The doctor diagnosed me as having tennis elbow.  I was not expecting this, but it made sense.  It felt muscular, not heart related.  Got some advice to take lots of Alieve and use occasional cold compresses.  I also got a rest pad for my elbow at work.  Over time my tennis elbow improved, and is very manageable now.

Anyway, while there, juuust to be safe, the doctor wanted to do an EKG.  We get the EKG done, and he has it read by an on-call cardiologist downtown.  The results come back normal, except a small abnormality that he has concerns with.  They think that maybe I had had a heart attack previously and never knew it.  The set-up an appointment with a cardiologist for a better exam the about five weeks later.

I get to the cardiologist appointment and he essentially says the other cardiologist didn’t know what he was talking about.  I had definitely not had a heart attack previously.  Everything was fine.  However, juuuust to be safe, we’re going to do a treadmill stress test… a nuclear stress test.  So we set it up for the net week.

This nuclear stress test is a two-day stress test.  The first day is a resting stress test.  They take my vital signs.  They inject me with the nuclear stuff.  I go eat a light meal… I ask what the meal is for and they say it’s to ‘push’ the nuclear stuff through to the heart and kidneys, or something like that… then I go in and get pictures taken of my heart from a very expensive looking piece of equipment.  Then I go home.  No caffeine for 24 hrs, btw, for the next test.

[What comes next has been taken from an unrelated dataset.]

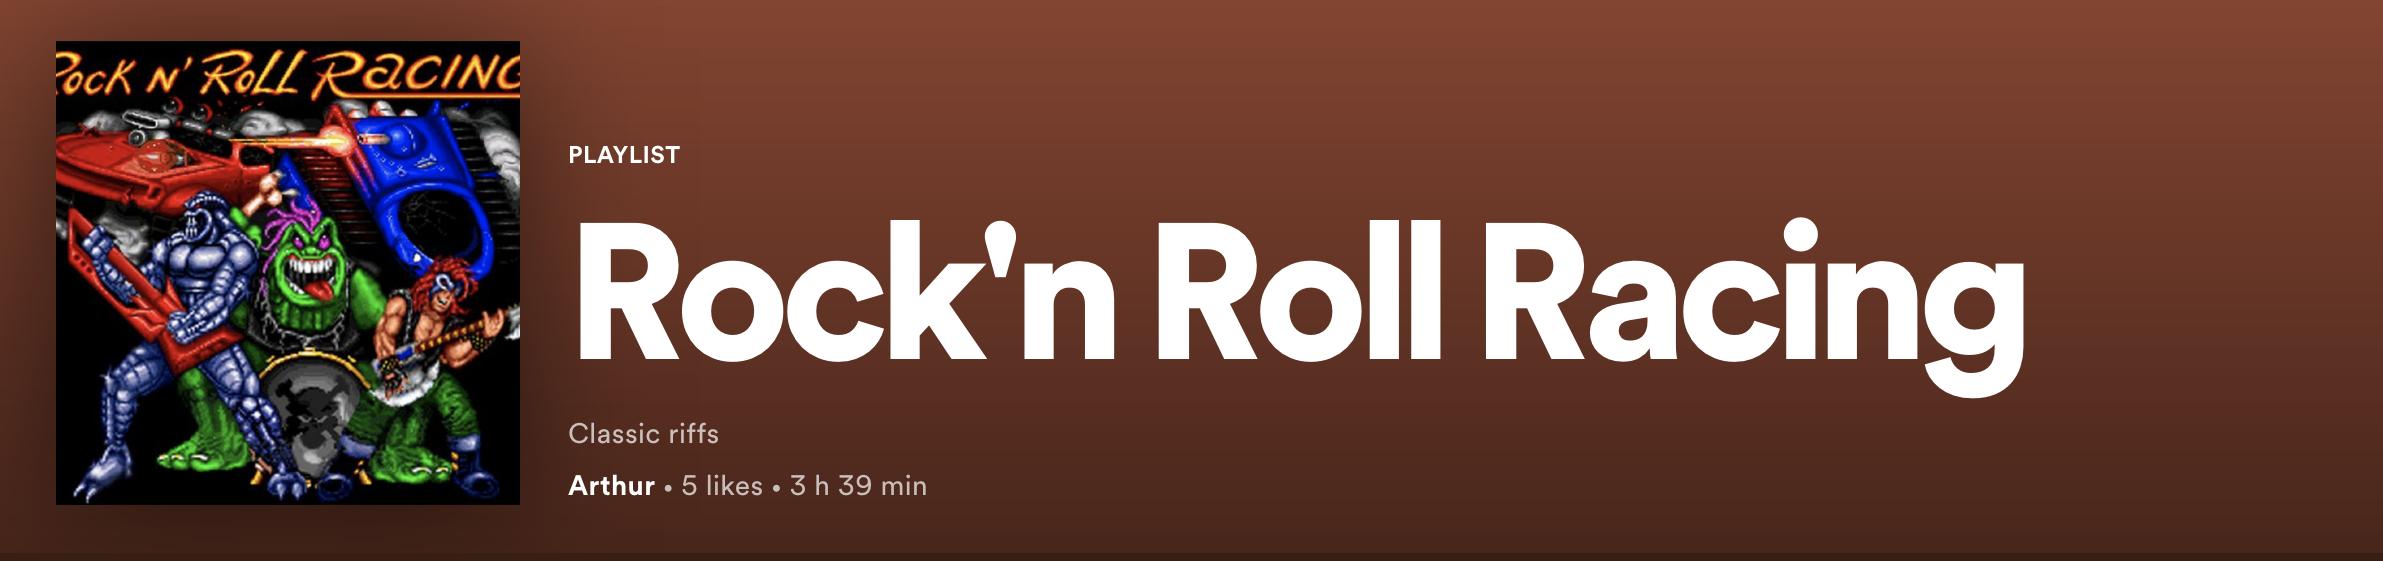 Rock n'Roll Racing Spotify

The next day I get more vital signs.  I get hooked up to ten electrode things, and they put me on a treadmill.  It starts somewhat fast, I thought, and increases speed and incline as I go along.  Once I get to a certain point they inject more nuclear stuff and keep increasing the speed and incline.  No meal necessary this time, as the higher heart rate pushes the nuclear stuff through just fine.  This did not go well.  I am very out-of-shape.  Once finished I did calm down fairly quickly.  Then for more photos of my heart, for comparison.

The next day I get a phone call from the nurse.  They did not like the photos.  There was a dark area near the bottom of my heart.  I am told I need to go in for an angioplasty, and maybe get a stent, or two.  It’s scheduled for later that week.  At this point, Missy is worried.  I’m, somehow, unconcerned.

To be continued.



I’m Ken.  I’m normally a very private person, so my sharing of personal stuff will be surprising to some, but I feel compelled to share my experiences with my current heart health situation.  Maybe my experiences can help someone understand what they’re going to go through.  Maybe my experiences can help calm the feeling of uncertainty and of the unknown.  Maybe my experiences can just be a little educational.

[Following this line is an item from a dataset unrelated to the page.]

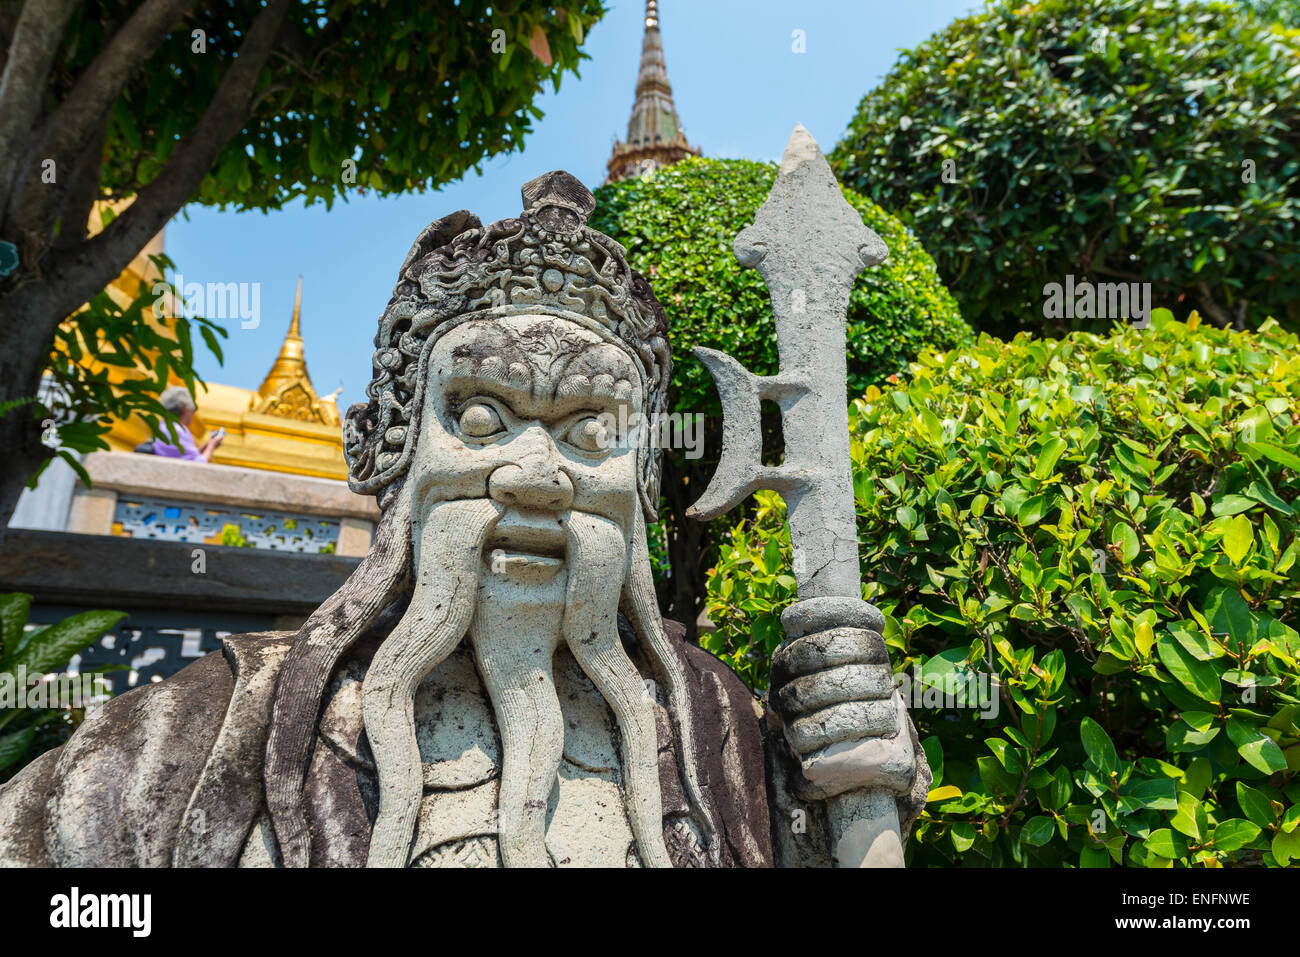 Fearsome stone palace guard, Chinese statue, Royal Palace, Bangkok, Thailand - Stock Image

Please note that my experiences are just that, my experiences, nothing more.  These are NOT any form of medical advice.  From time to time I may share an article that I come across, but I am not a doctor.  Please consult your doctor for medical information and advice specific to you.  This blog is intended to help those get through a tough time regarding ancillary issues that you may not hear from medical professionals… i.e. how you feel physically and emotionally, potential timelines, what you may expect in recovery, and so on.

The plan is for my wife, Missy, to also be a contributor here.  I will give the perspective from the patient’s side, Missy will give the perspective from the other side, the person taking care of the patient.  You don’t normally see it from the other side, so this will be great.

So sit back and enjoy.  Comment, if you like.